→ **DATA SHOWN**

+===+

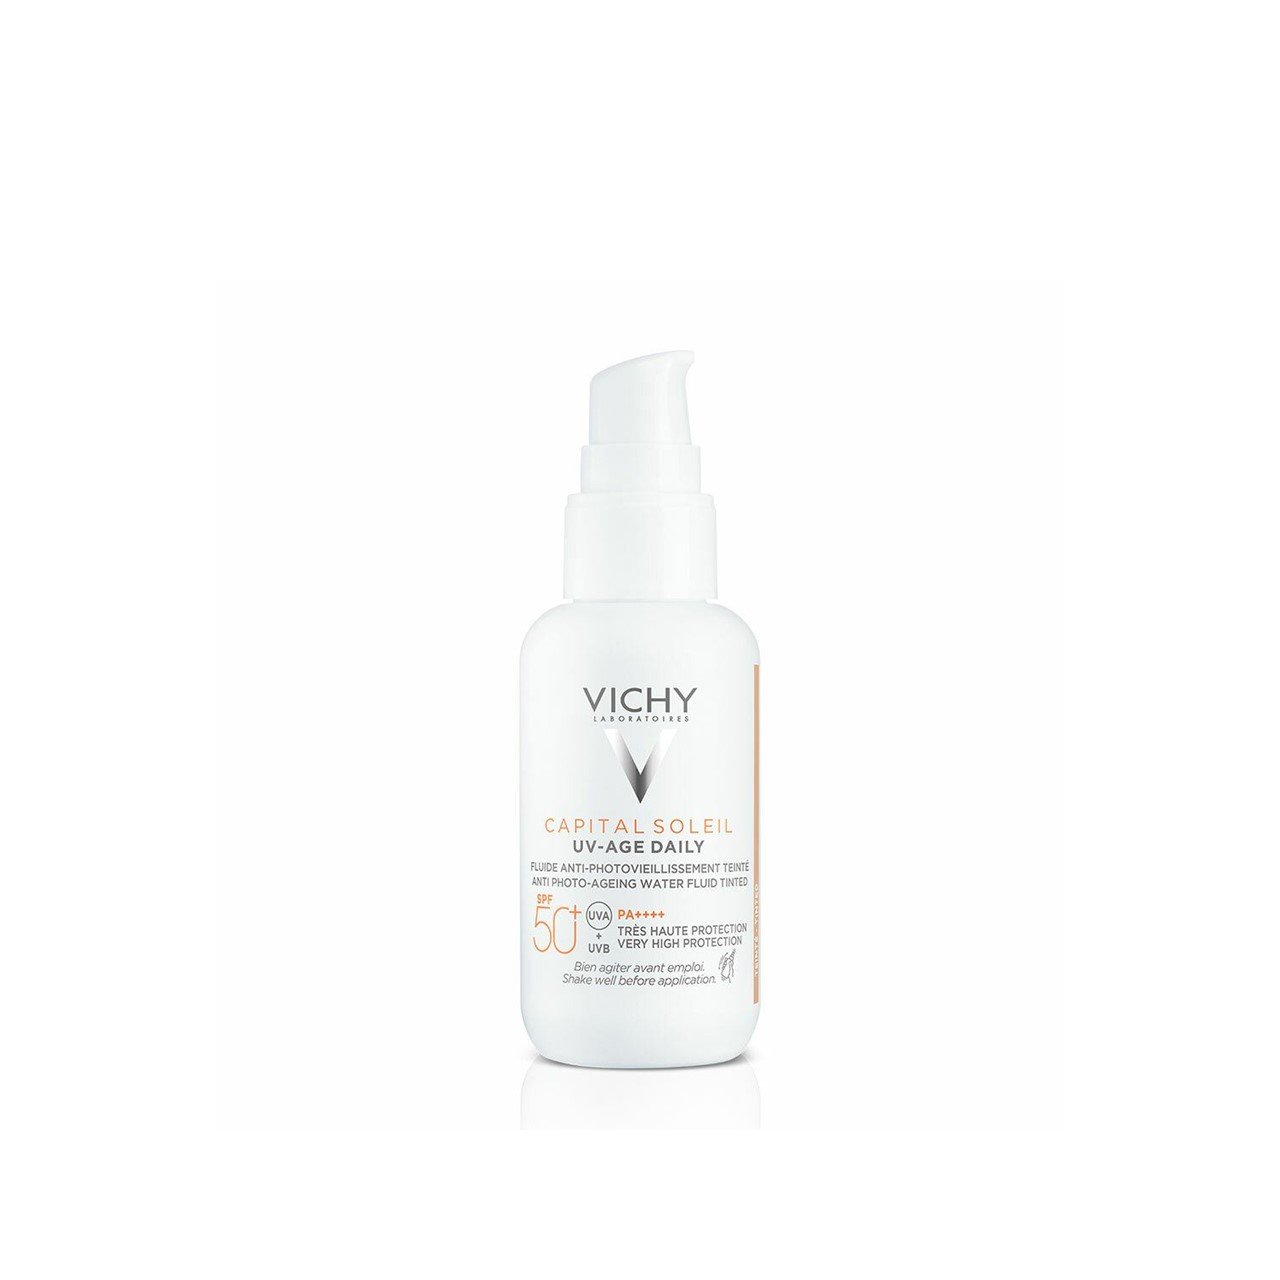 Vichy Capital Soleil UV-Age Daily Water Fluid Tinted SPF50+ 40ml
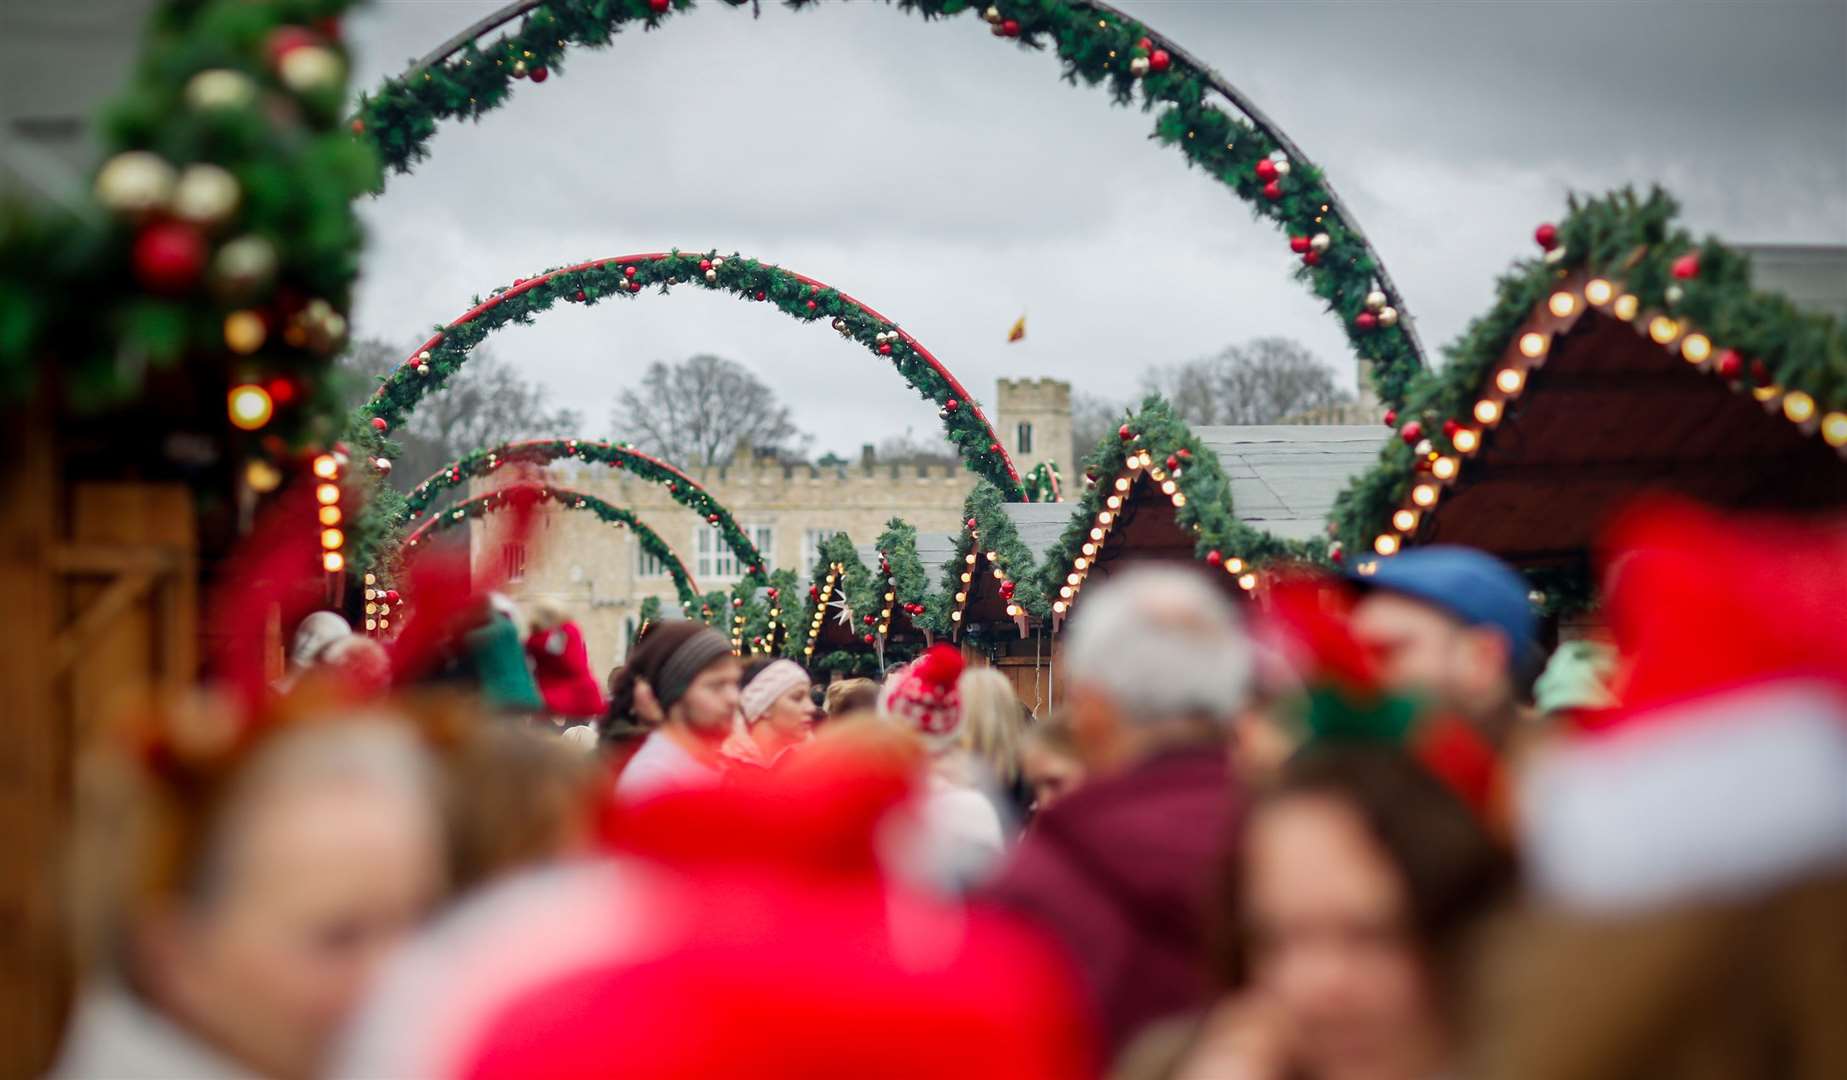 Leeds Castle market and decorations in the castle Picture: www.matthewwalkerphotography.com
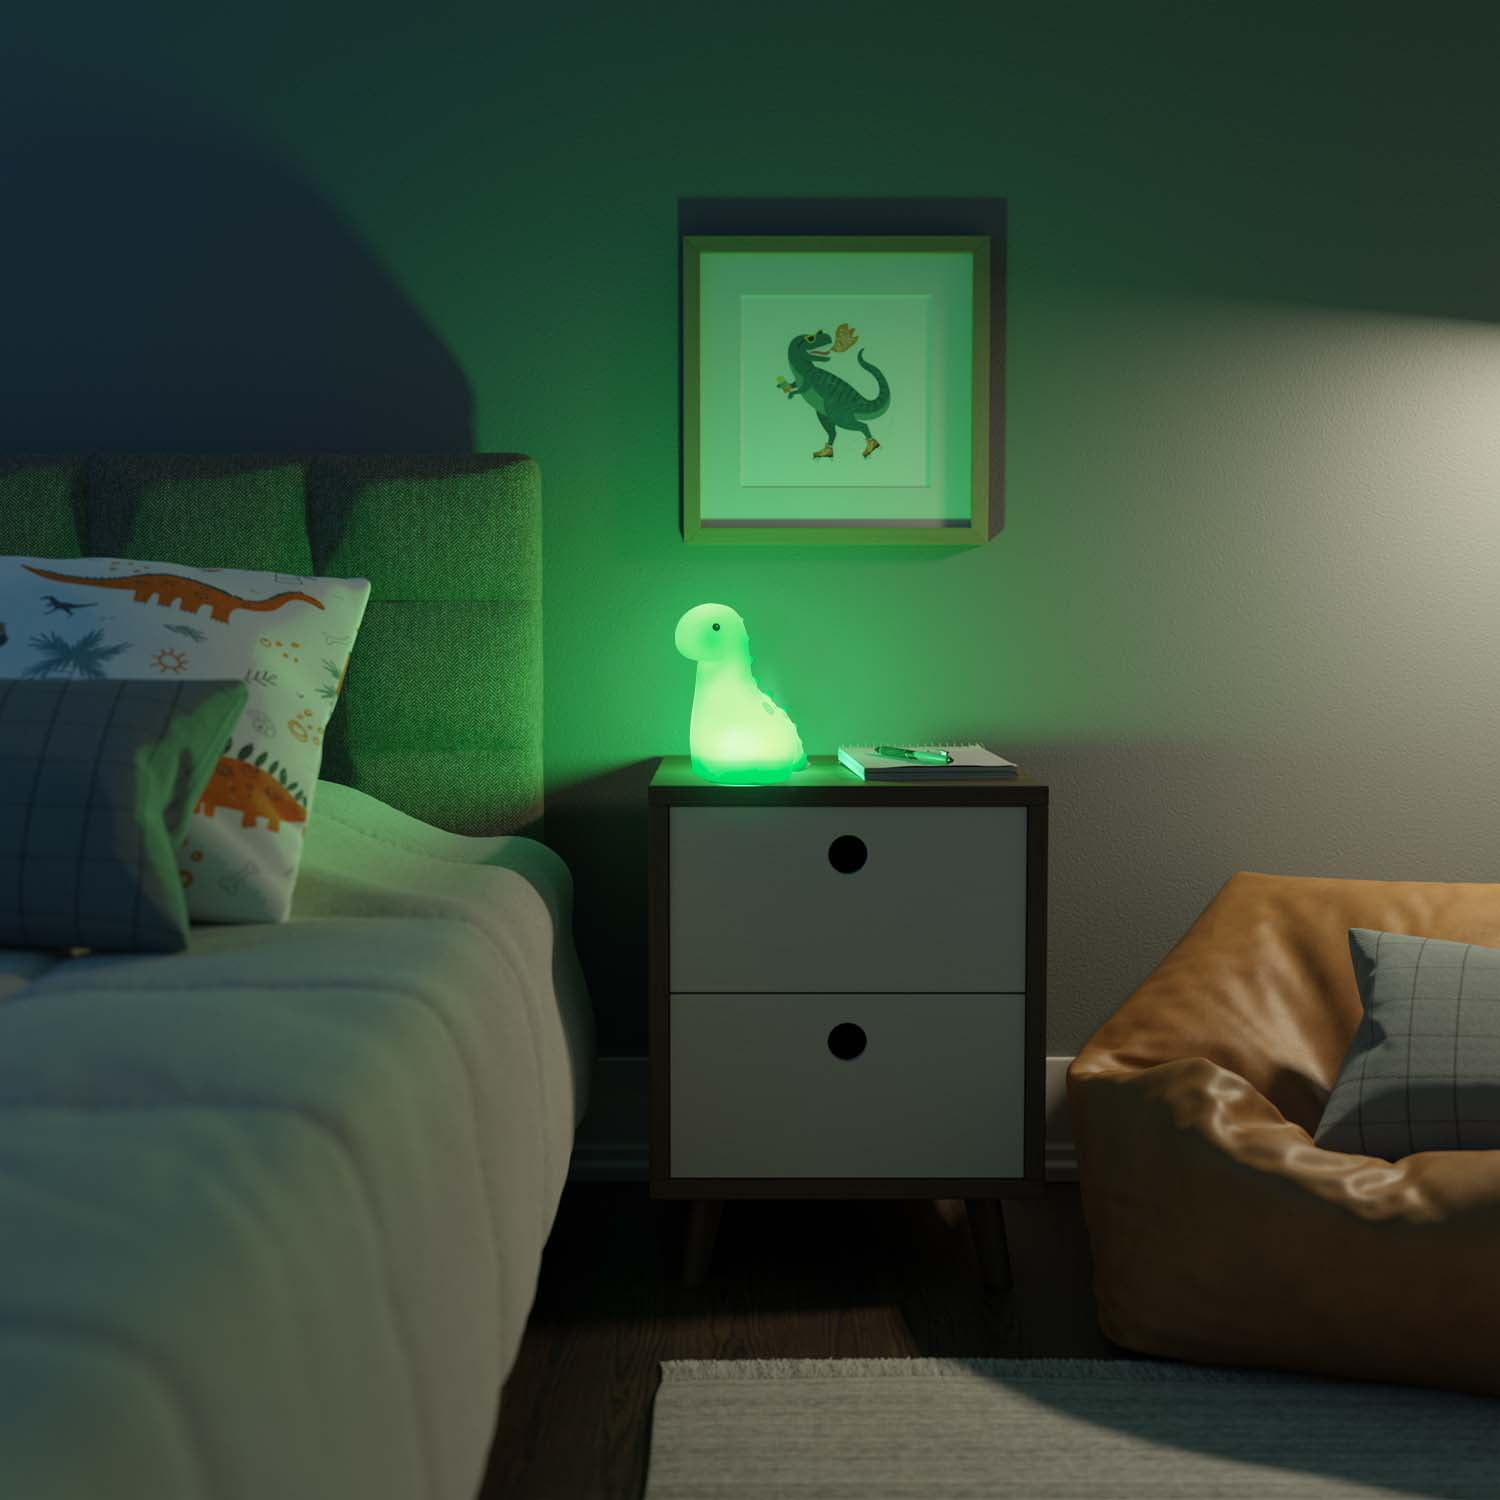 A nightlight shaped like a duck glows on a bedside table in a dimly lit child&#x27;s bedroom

+===+

→ **PROMPT**
Nothing but the lines from the one that holds "Leeds Castle market" through the end of the data should appear, written out exactly, without pictures.

→ **YOUR SOLUTION**
 Leeds Castle market and decorations in the castle Picture: www.matthewwalkerphotography.com
 A nightlight shaped like a duck glows on a bedside table in a dimly lit child&#x27;s bedroom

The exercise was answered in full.